Consumers in Nevada are spending more these days, and they’re taking on debt much more rapidly than consumers elsewhere in the nation.

Data released recently by the New York Fed found consumer debt in Nevada averaged $51,230 per person at the end of last year. 

That’s an increase of 4.3 percent over the debt Nevada consumers held at the end of 2018. Nationally, consumer debt rose 1.4 percent last year to an average of $51,740 per person.

Taxable retail sales statewide are running about 6 percent ahead of year-earlier figures, close to national averages. Washoe County’s retail sales showed an annual increase of about 8 percent in the most recent report. 

Credit-card debt in Nevada averaged $1,140 a person at the end of last year, compared with $1,430 nationwide.

Although home prices in Nevada have risen sharply — 12 percent in the last year in Reno-Sparks, for instance — mortgages don’t account for an unusually large amount of consumers’ debt in the state.  The New York Fed said mortgage debt totaled $35,290 per capita in Nevada at the end of last year, slightly more than the $34,950 percent nationwide.  

In California, by comparison, mortgage debt totaled $56,570 per person in 2019.

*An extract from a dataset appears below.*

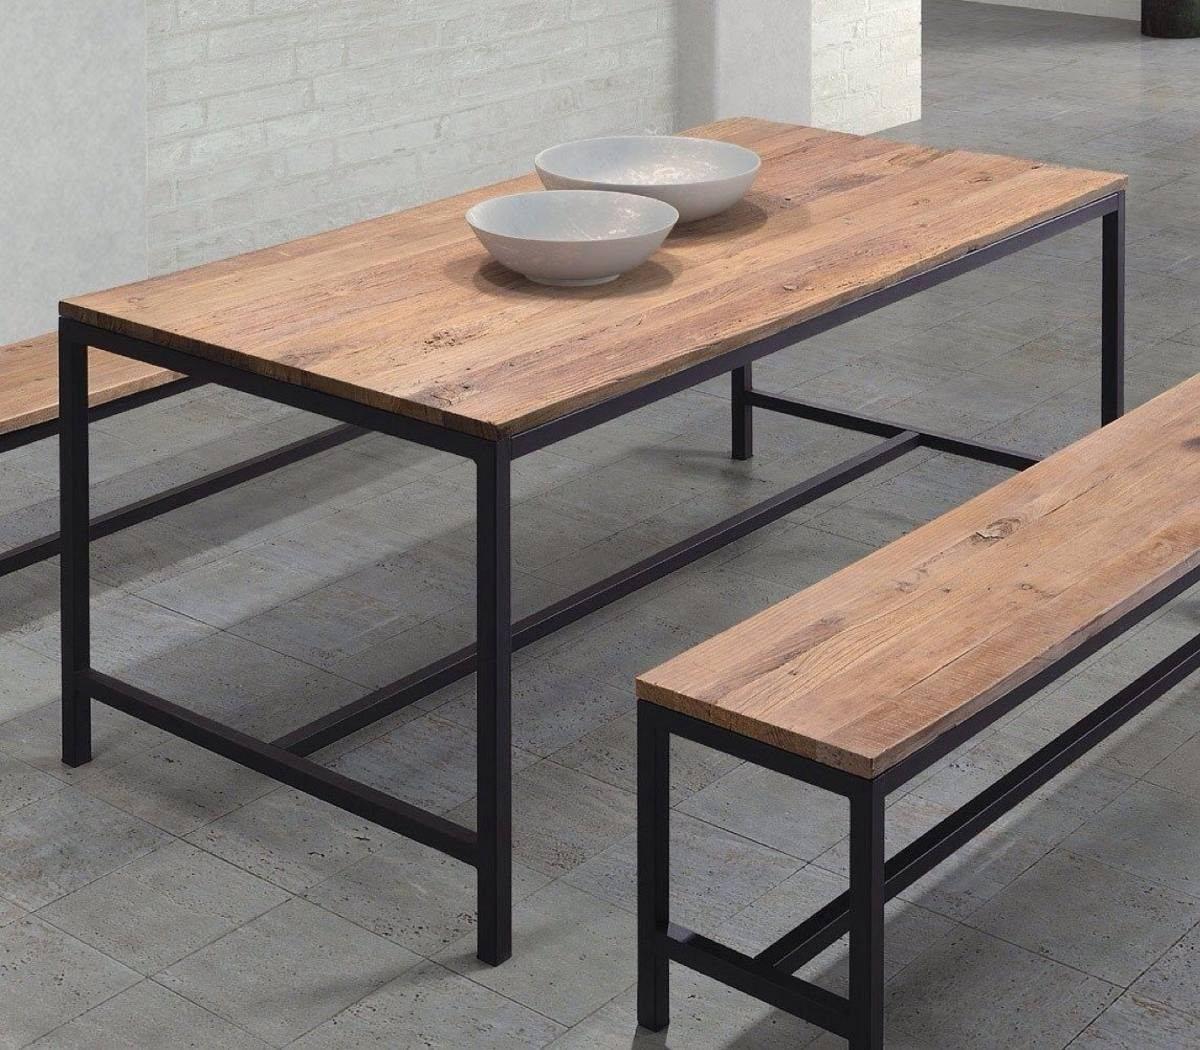 Banco mesa de trabajo taller en cano madera herreria fuert for Como hacer una mesa estilo industrial

Compared with consumers nationwide, the debt of Nevada consumers is slightly higher in auto loans — $5,420 per person, compared with a U.S. average of $4,870 percent.  And student loan debt in Nevada is slightly lower than the rest of the nation — $4,380 per person compared with $5,520 nationwide. 

The New York Fed didn’t break out county-by-county figures on consumer debt, so comparisons of consumer debt in Reno and Las Vegas aren’t possible.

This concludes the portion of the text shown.